[[ Source material, beginning ]]

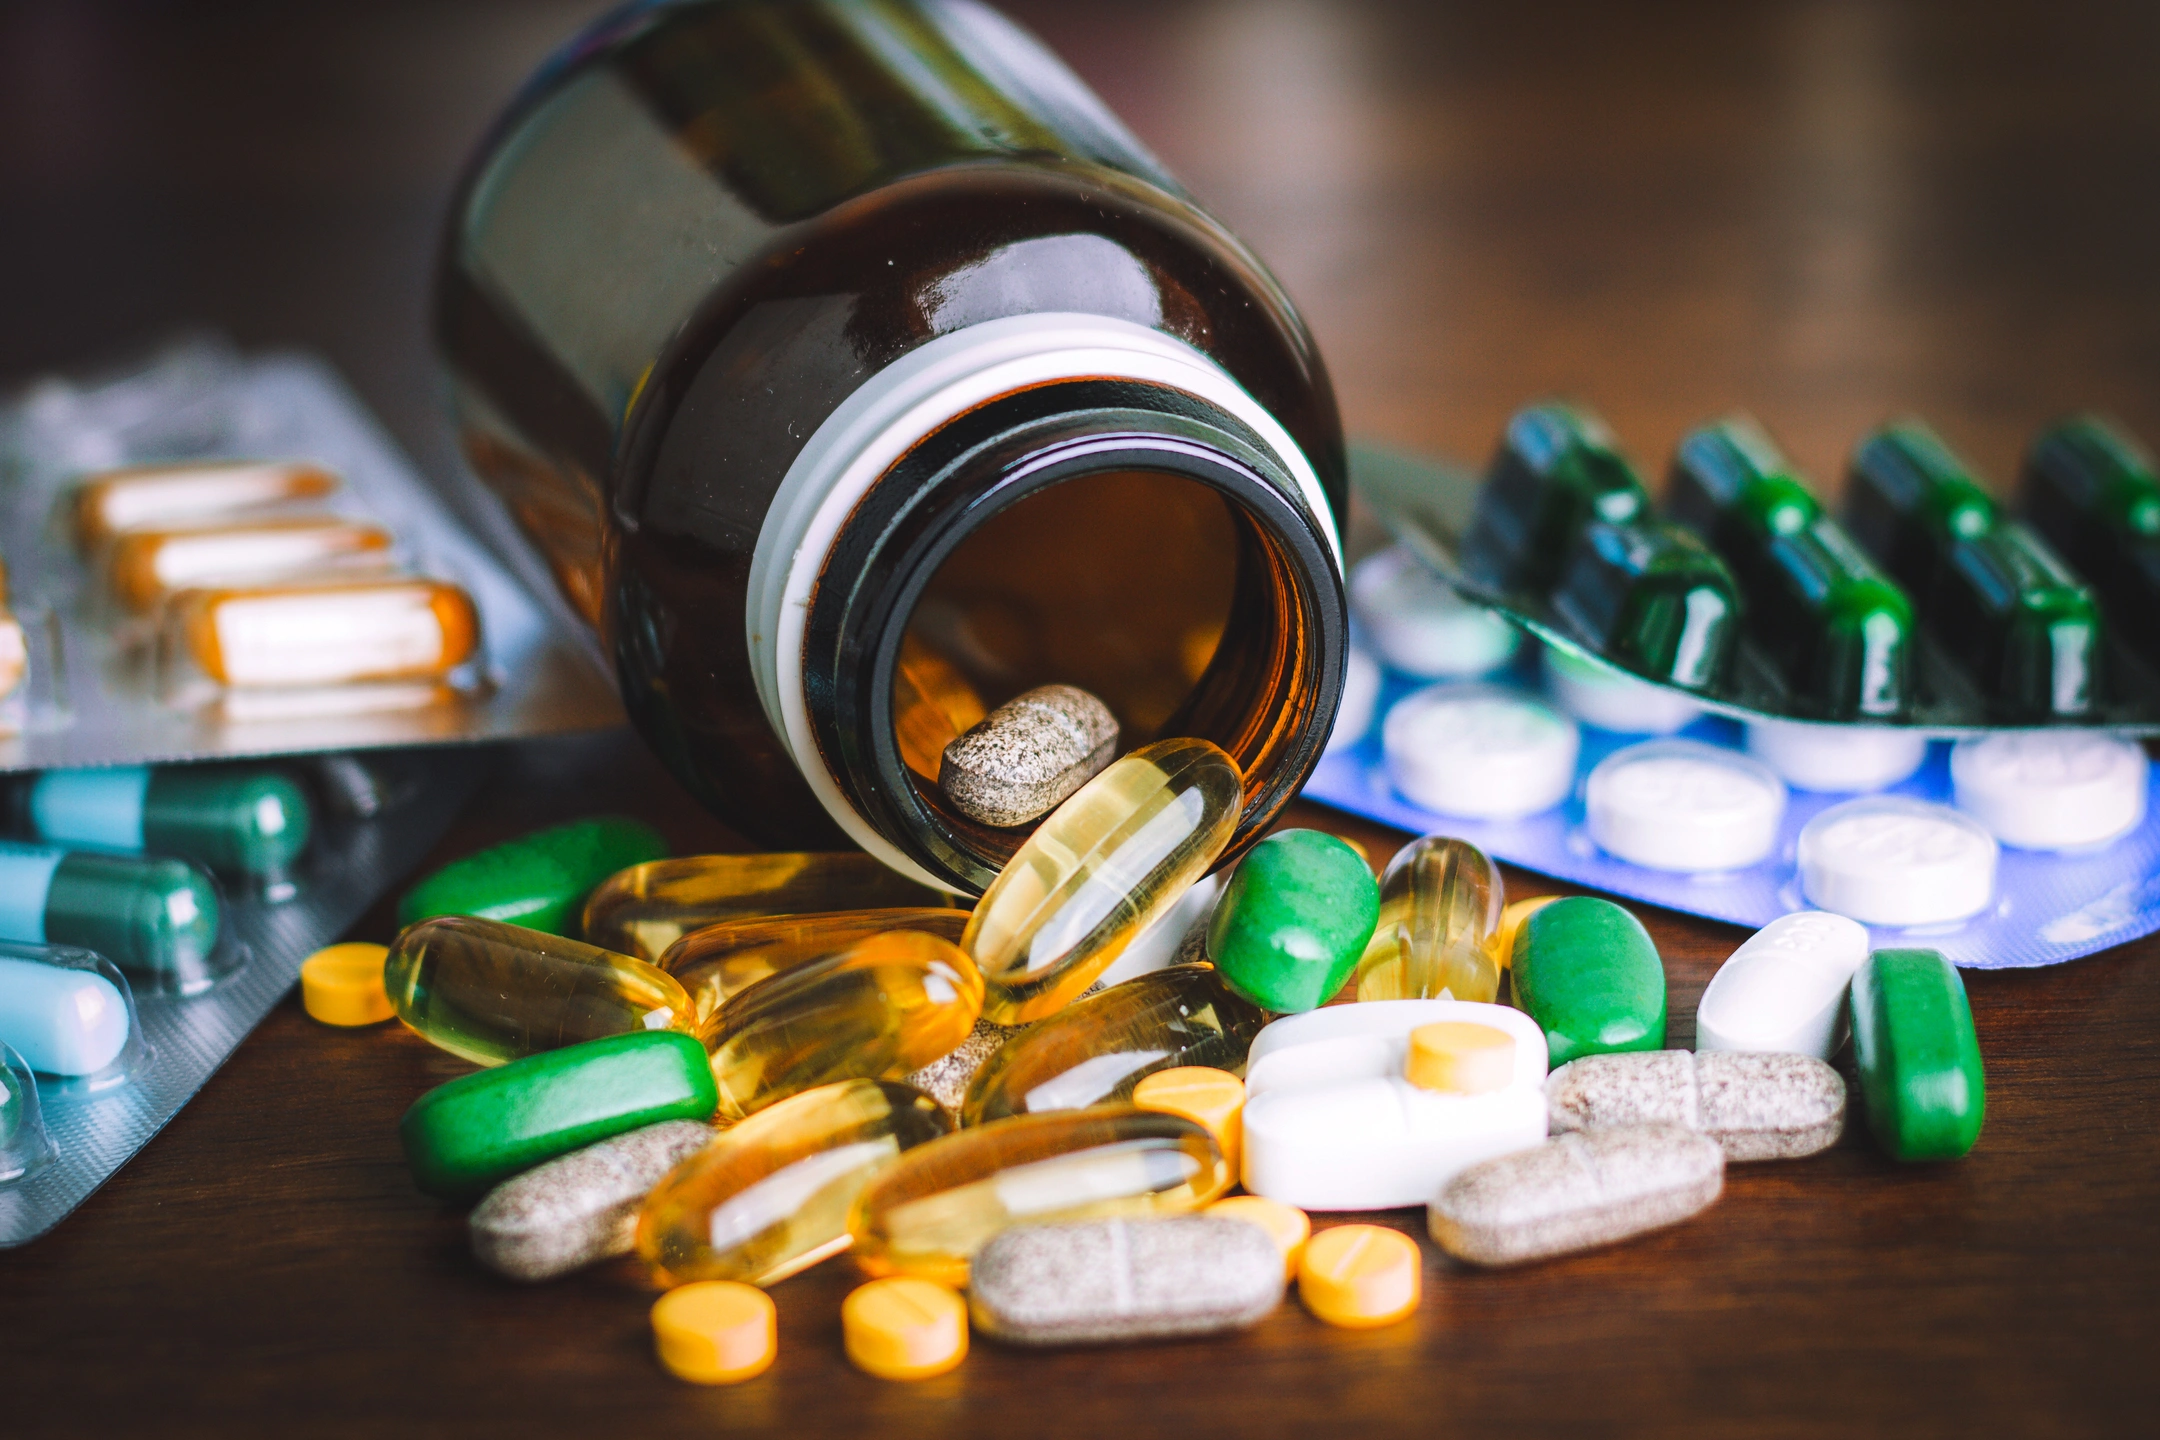 Кардиолог Закиев: аспирин без назначения врача может вызвать инсульт
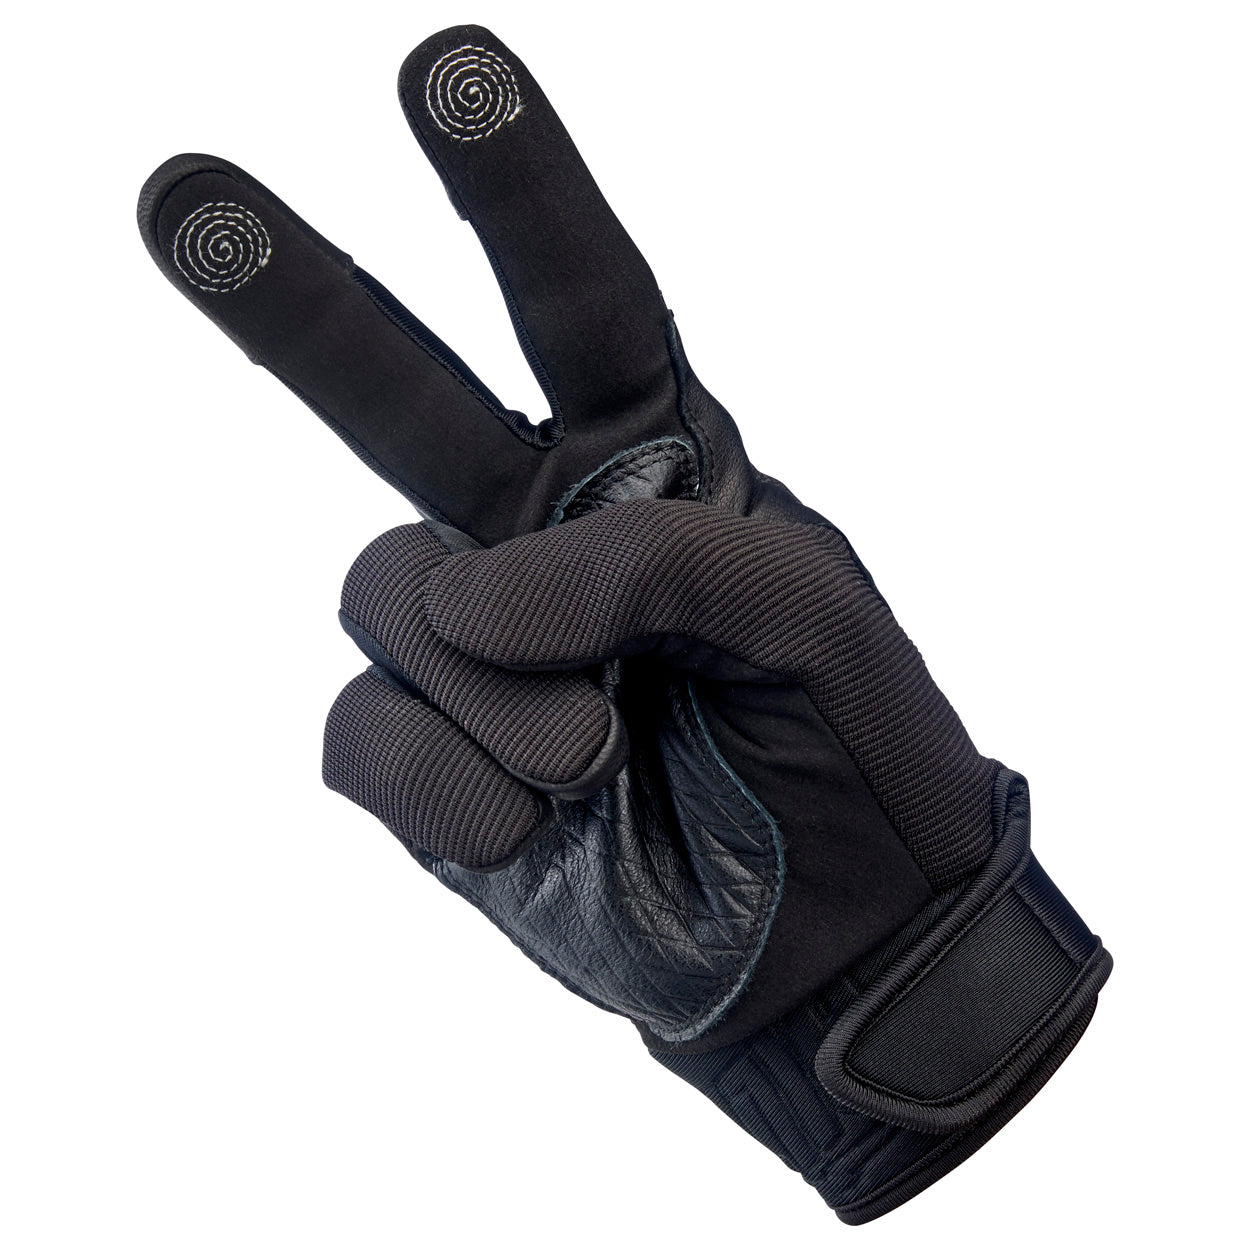 Baja Gloves - Black Out
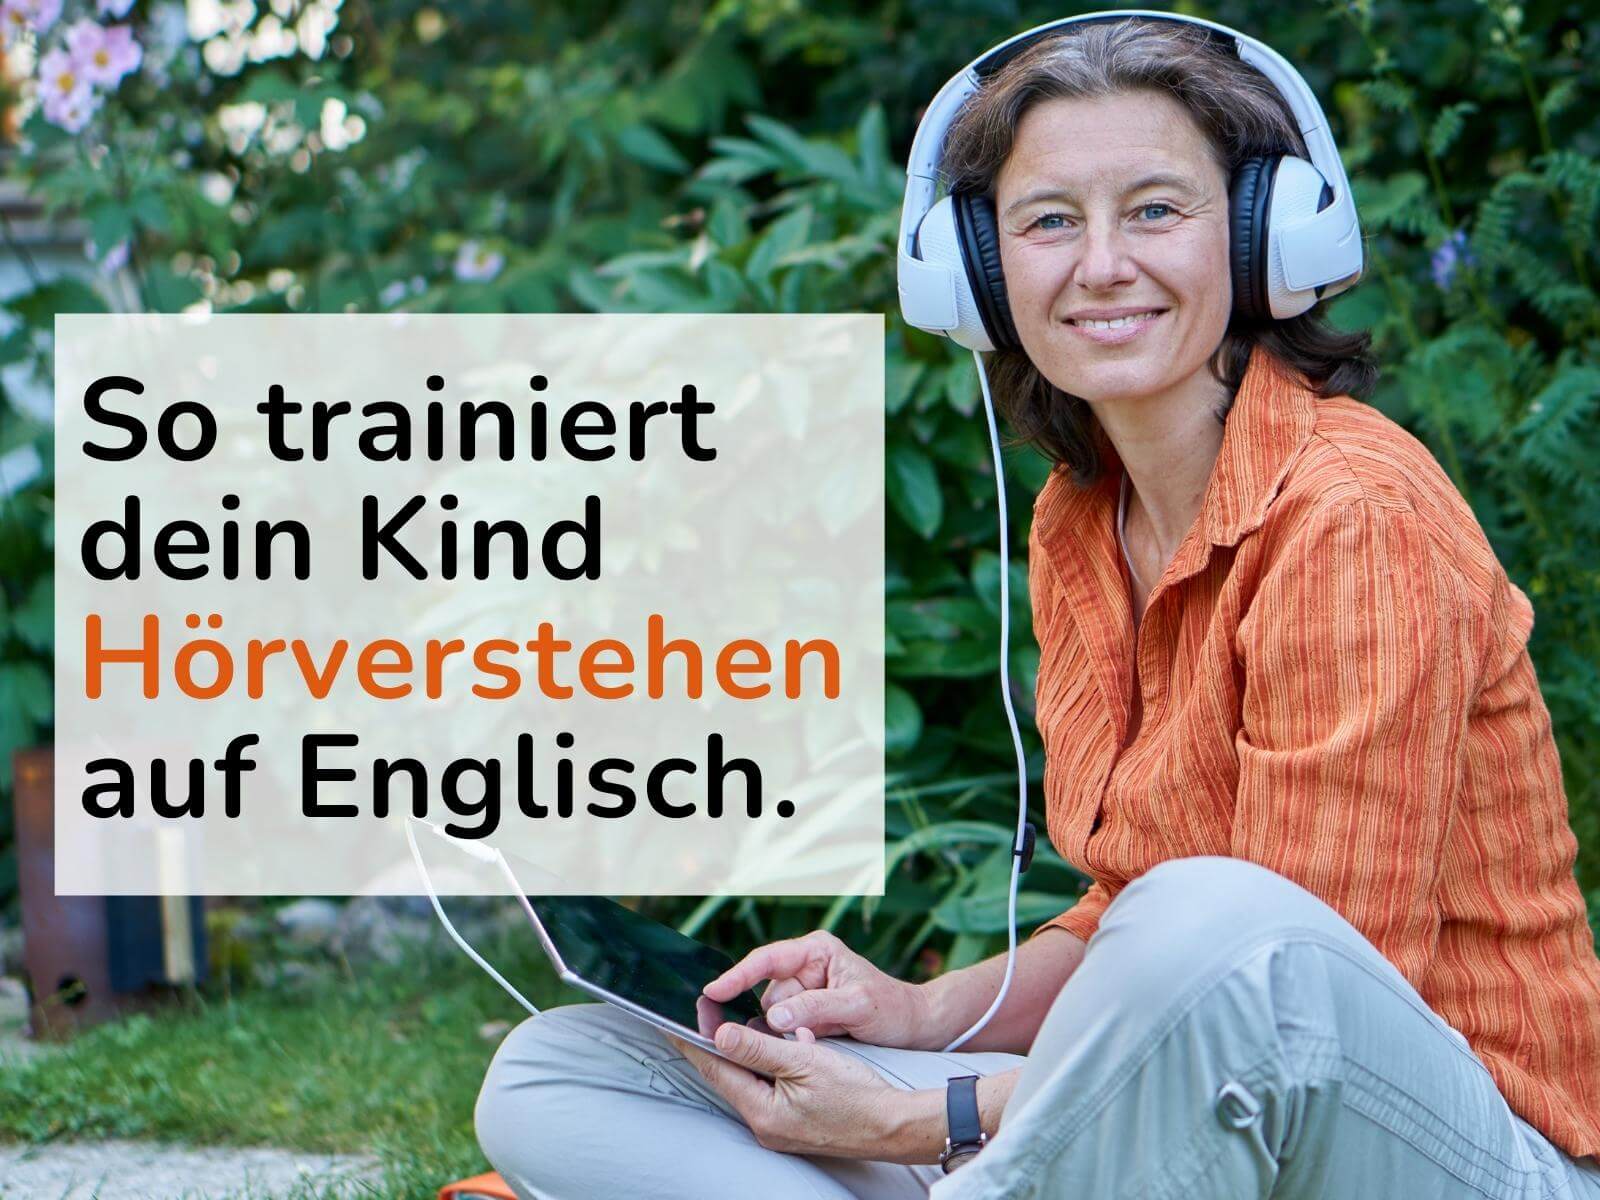 Header für Blogartikel. Eine Frau in oranger Bluse sitzt im Gras. Sie trägt große Kopfhörer. In großen Buchstaben steht daneben: So trainiert dein Kind Hörverstehen auf Englisch.

[[ Source material, end ]]

[Problem to work on] Skipping the images, write out the whole listing exactly.

[Answer area]
 Кардиолог Закиев: аспирин без назначения врача может вызвать инсульт
 Baja Gloves - Black Out
 Header für Blogartikel. Eine Frau in oranger Bluse sitzt im Gras. Sie trägt große Kopfhörer. In großen Buchstaben steht daneben: So trainiert dein Kind Hörverstehen auf Englisch.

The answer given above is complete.